## Source data:
####

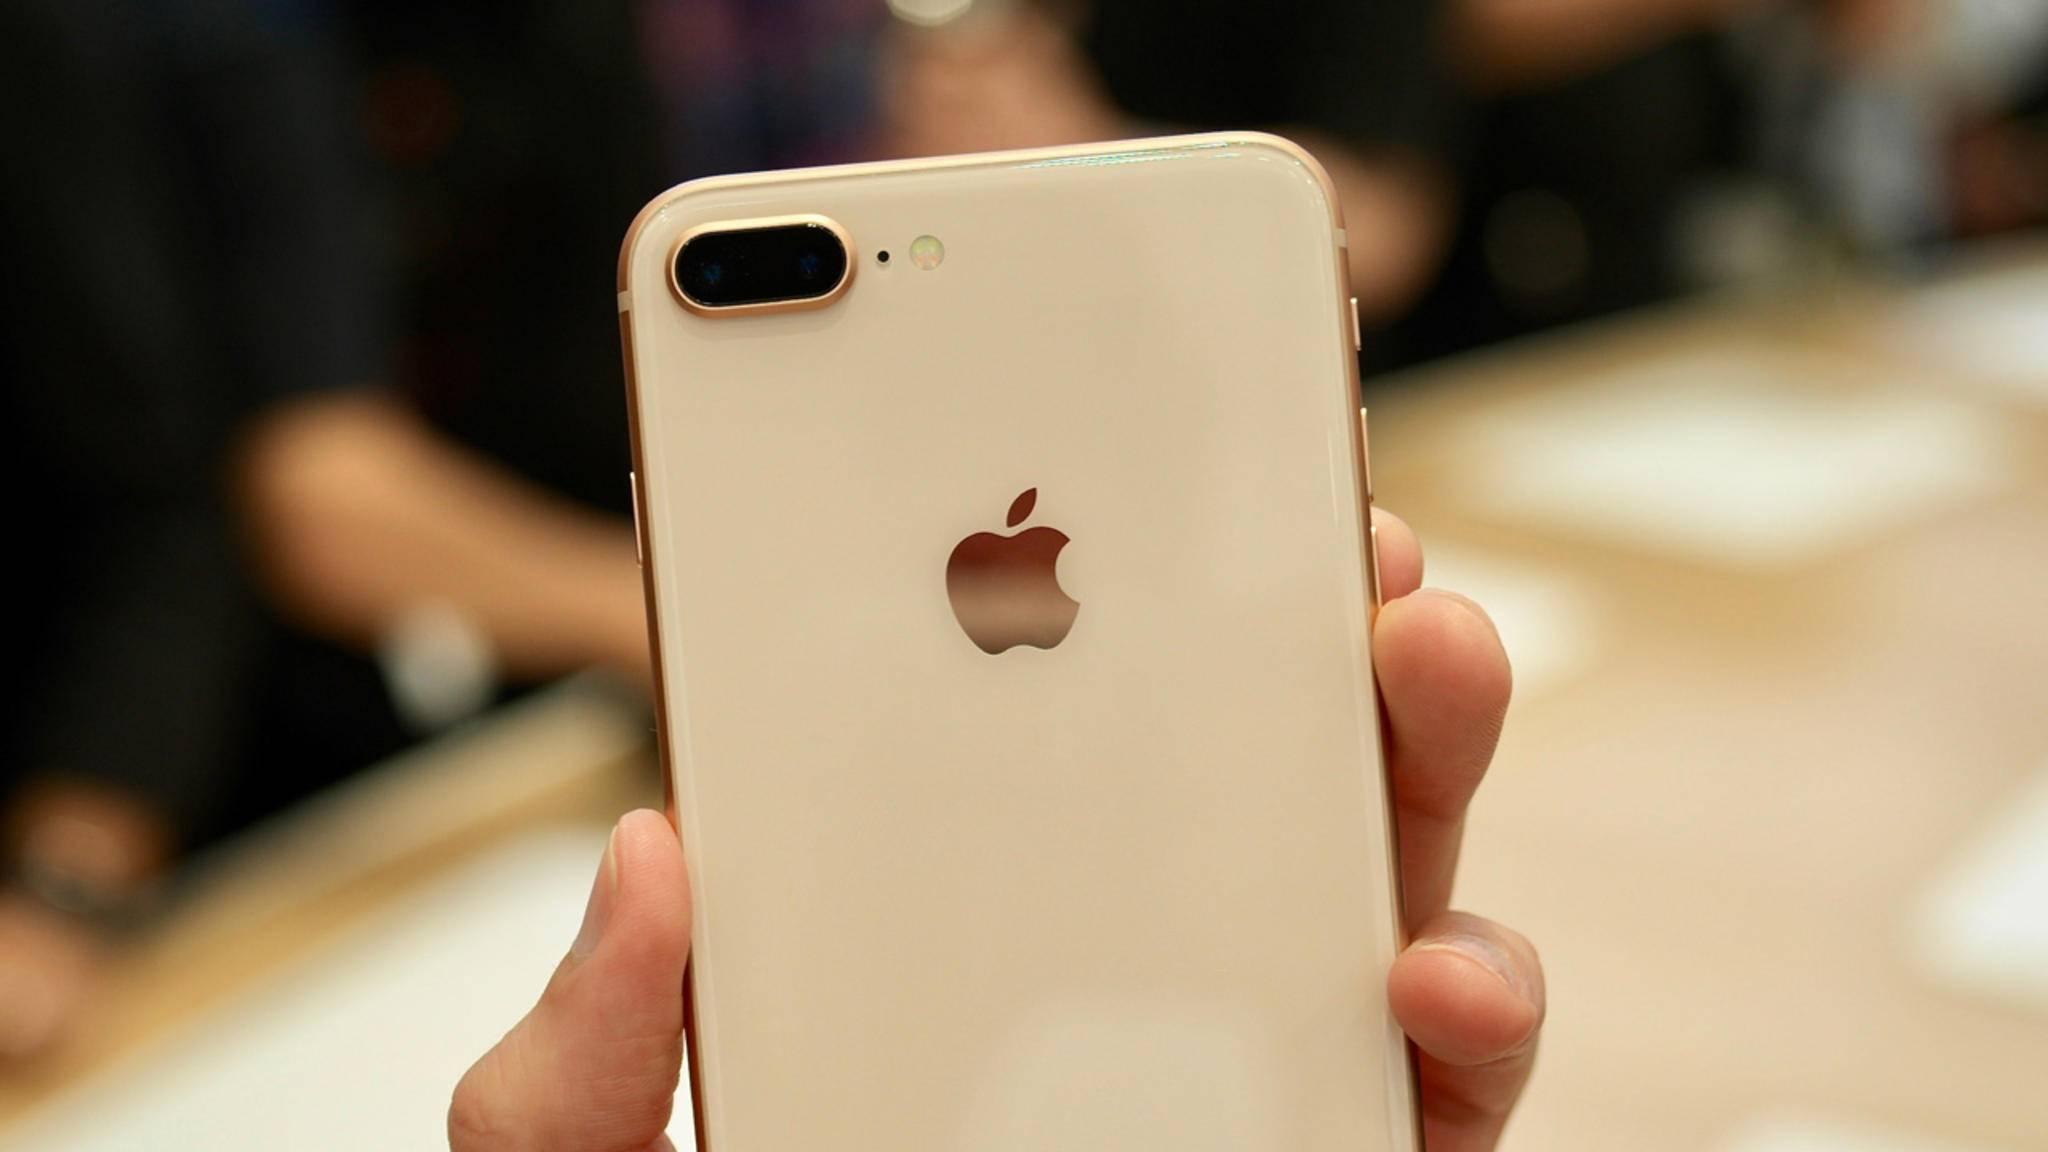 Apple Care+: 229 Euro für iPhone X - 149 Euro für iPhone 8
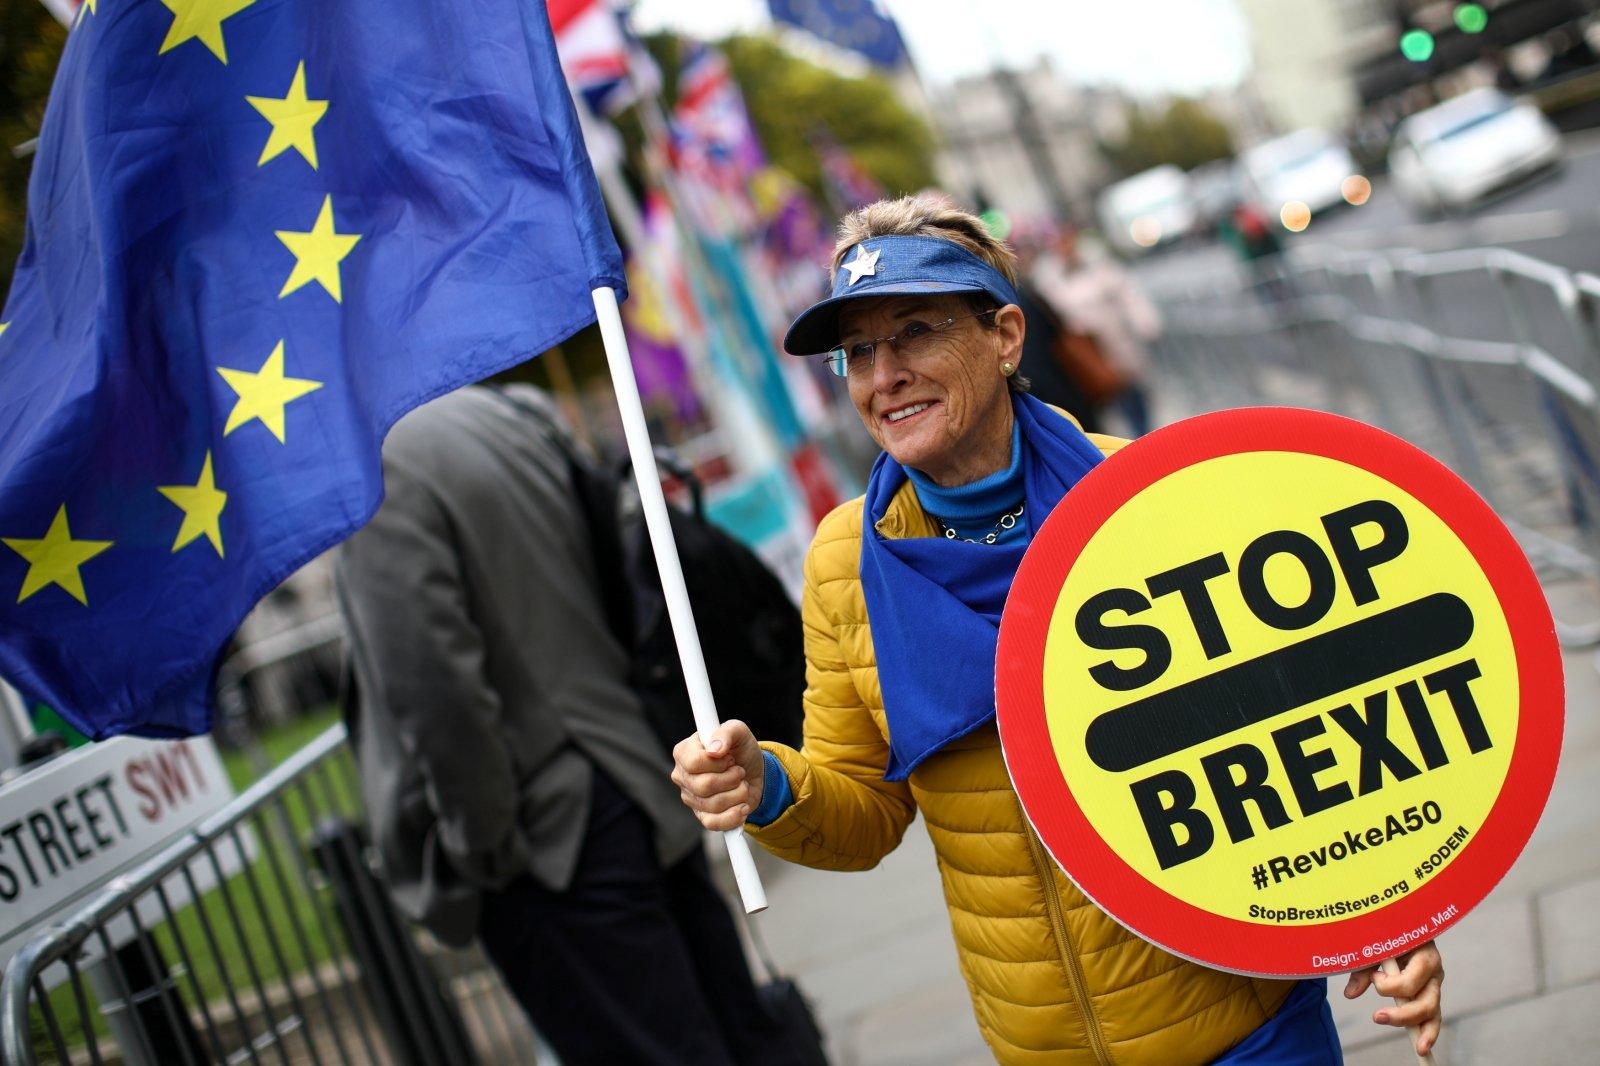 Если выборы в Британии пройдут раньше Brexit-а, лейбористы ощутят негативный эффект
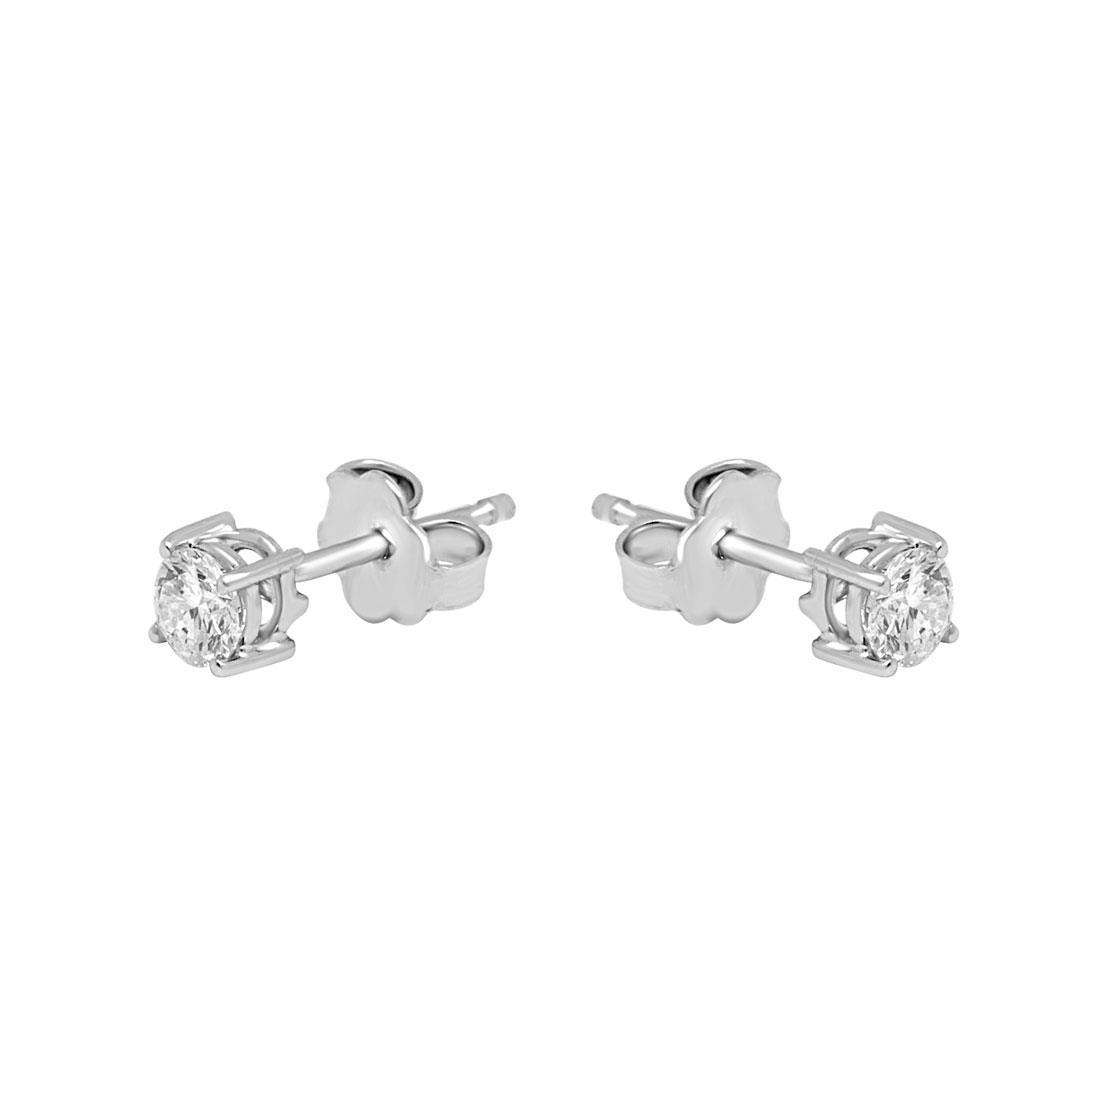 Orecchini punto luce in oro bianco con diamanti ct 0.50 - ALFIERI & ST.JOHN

####

## Action item:
Provide a precise transcription of the listing, excluding each picture.

## Solution:
 Apple Care+: 229 Euro für iPhone X - 149 Euro für iPhone 8
 Если выборы в Британии пройдут раньше Brexit-а, лейбористы ощутят негативный эффект
 Orecchini punto luce in oro bianco con diamanti ct 0.50 - ALFIERI & ST.JOHN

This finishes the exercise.